Different operating systems use different path separators:

  • Windows: \ (backslash)

  • Mac/Linux: / (forward slash)

The problem:

# This works on Mac/Linux but fails on Windows:
path = 'Documents/EK125/data.txt'

# This is messy and hard to read:
path = 'Documents' + os.sep + 'EK125' + os.sep + 'data.txt'

The solution: os.path.join()

import os

# Works on ALL operating systems!
path = os.path.join('Documents', 'EK125', 'data.txt')
print(path)

# Windows: Documents\EK125\data.txt
# Mac/Linux: Documents/EK125/data.txt

Always use os.path.join() to build paths!

Practical Example: Organizing Experiment Data#

"""
data_organizer.py
Automatically organizes experimental data into dated folders.
"""
import os
from datetime import datetime

def setup_experiment_folder():
    """Create folder structure for today's experiment."""
    # Get today's date for folder name
    today = datetime.now().strftime('%Y-%m-%d')
    
    # Build paths
    base_path = os.path.join('Experiments', today)
    raw_data_path = os.path.join(base_path, 'raw_data')
    results_path = os.path.join(base_path, 'results')
    
    # Create all necessary folders
    os.makedirs(raw_data_path, exist_ok=True)
    os.makedirs(results_path, exist_ok=True)
    
    print(f"Created experiment folder: {base_path}")
    return base_path

def save_measurement(experiment_folder, sensor_id, value):
    """Save a sensor reading to the appropriate file."""
    filename = f'sensor_{sensor_id}.txt'
    filepath = os.path.join(experiment_folder, 'raw_data', filename)
    
    # Append reading with timestamp
    timestamp = datetime.now().strftime('%H:%M:%S')
    with open(filepath, 'a') as file:
        file.write(f'{timestamp}, {value}\n')
    
    print(f"Saved reading to {filename}")

def list_experiments():
    """List all experiment folders."""
    if not os.path.exists('Experiments'):
        print("No experiments yet")
        return
    
    experiments = os.listdir('Experiments')
    print("Available experiments:")
    for exp in experiments:
        print(f"  - {exp}")

if __name__ == "__main__":
    # Create today's experiment folder
    exp_folder = setup_experiment_folder()
    
    # Simulate taking measurements
    save_measurement(exp_folder, 'temp', 72.5)
    save_measurement(exp_folder, 'temp', 73.1)
    save_measurement(exp_folder, 'pressure', 101.3)
    
    # List all experiments
    list_experiments()

Part 4: Common Patterns and Best Practices#

Pattern 1: Reading Data, Processing, Saving Results#

def process_temperature_data(input_file, output_file):
    """Read temperatures, convert to Celsius, save results."""
    # Read data
    with open(input_file, 'r') as file:
        temps_f = [float(line.strip()) for line in file]
    
    # Process
    temps_c = [(f - 32) * 5/9 for f in temps_f]
    
    # Save results
    with open(output_file, 'w') as file:
        file.write('Temperature (°C)\n')
        for temp in temps_c:
            file.write(f'{temp:.1f}\n')

Pattern 2: Checking Before Acting#

import os

def safe_write(filename, content):
    """Only write if file doesn't exist, or ask permission."""
    if os.path.exists(filename):
        response = input(f'{filename} exists.

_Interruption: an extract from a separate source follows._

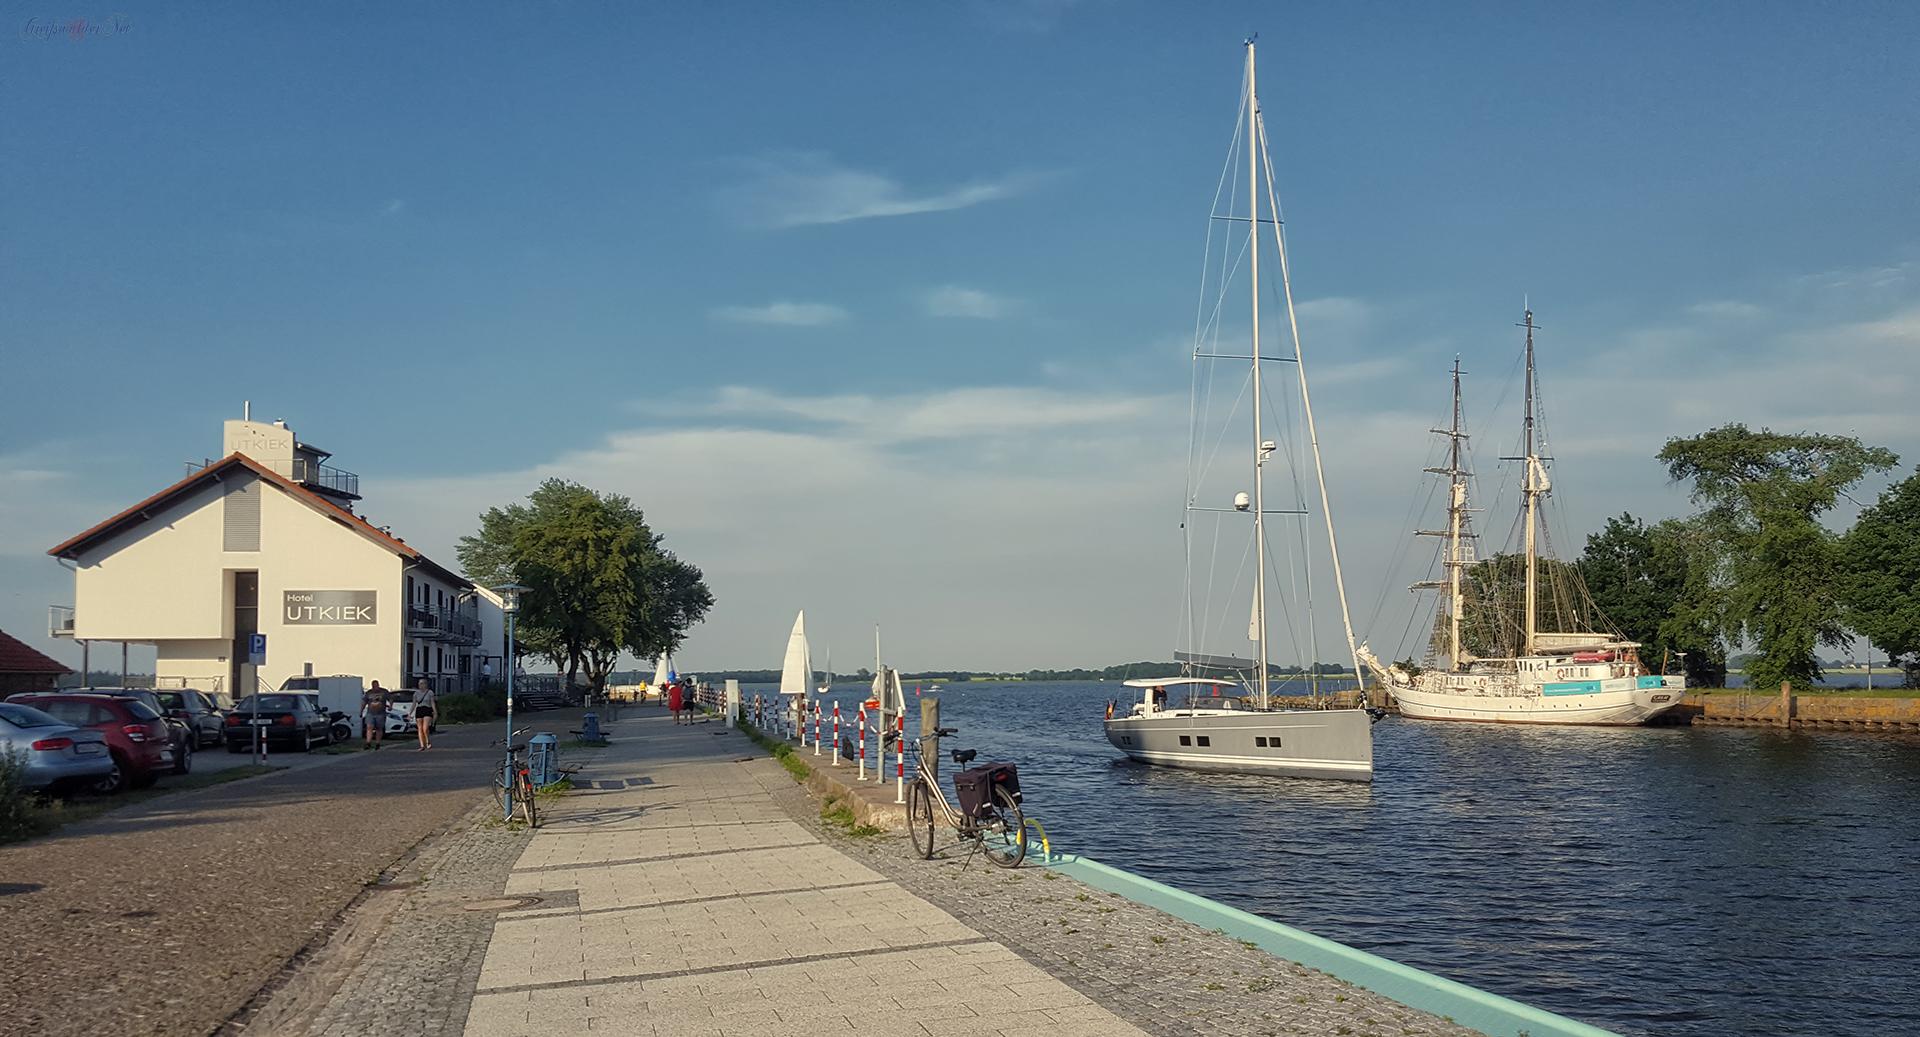 Hotel & Restaurant Utkiek in Greifswald-Wieck

Overwrite? (y/n): ')
        if response.lower() != 'y':
            print("Cancelled")
            return
    
    with open(filename, 'w') as file:
        file.write(content)
    print(f"Saved to {filename}")

Pattern 3: Error Handling#

def robust_file_read(filename):
    """Read file with error handling."""
    try:
        with open(filename, 'r') as file:
            return file.read()
    except FileNotFoundError:
        print(f"Error: {filename} not found")
        return None
    except PermissionError:
        print(f"Error: No permission to read {filename}")
        return None

Part 5: Common Mistakes and How to Avoid Them#

Mistake 1: Forgetting to Close Files (Without with)#

# BAD - File might not close if there's an error
file = open('data.txt', 'r')
data = process(file.read())  # If process() errors...
file.close()  # ...this never runs!

# GOOD - File always closes
with open('data.txt', 'r') as file:
    data = process(file.read())
# File closed automatically

Mistake 2: Using 'w' Mode Carelessly#

# BAD - Accidentally deletes all data!
with open('important_data.txt', 'w') as file:  # OOPS! File now empty
    file.write('new data\n')

# GOOD - Use 'a' to append or check first
if os.path.exists('important_data.txt'):
    print("Warning: File exists!")

with open('important_data.txt', 'a') as file:
    file.write('new data\n')

Mistake 3: Forgetting to Strip Newlines#

# BAD - Numbers have '\n' at the end
with open('numbers.txt', 'r') as file:
    numbers = [float(line) for line in file]  # Error! "72\n" is not a float

# GOOD - Strip whitespace first
with open('numbers.txt', 'r') as file:
    numbers = [float(line.strip()) for line in file]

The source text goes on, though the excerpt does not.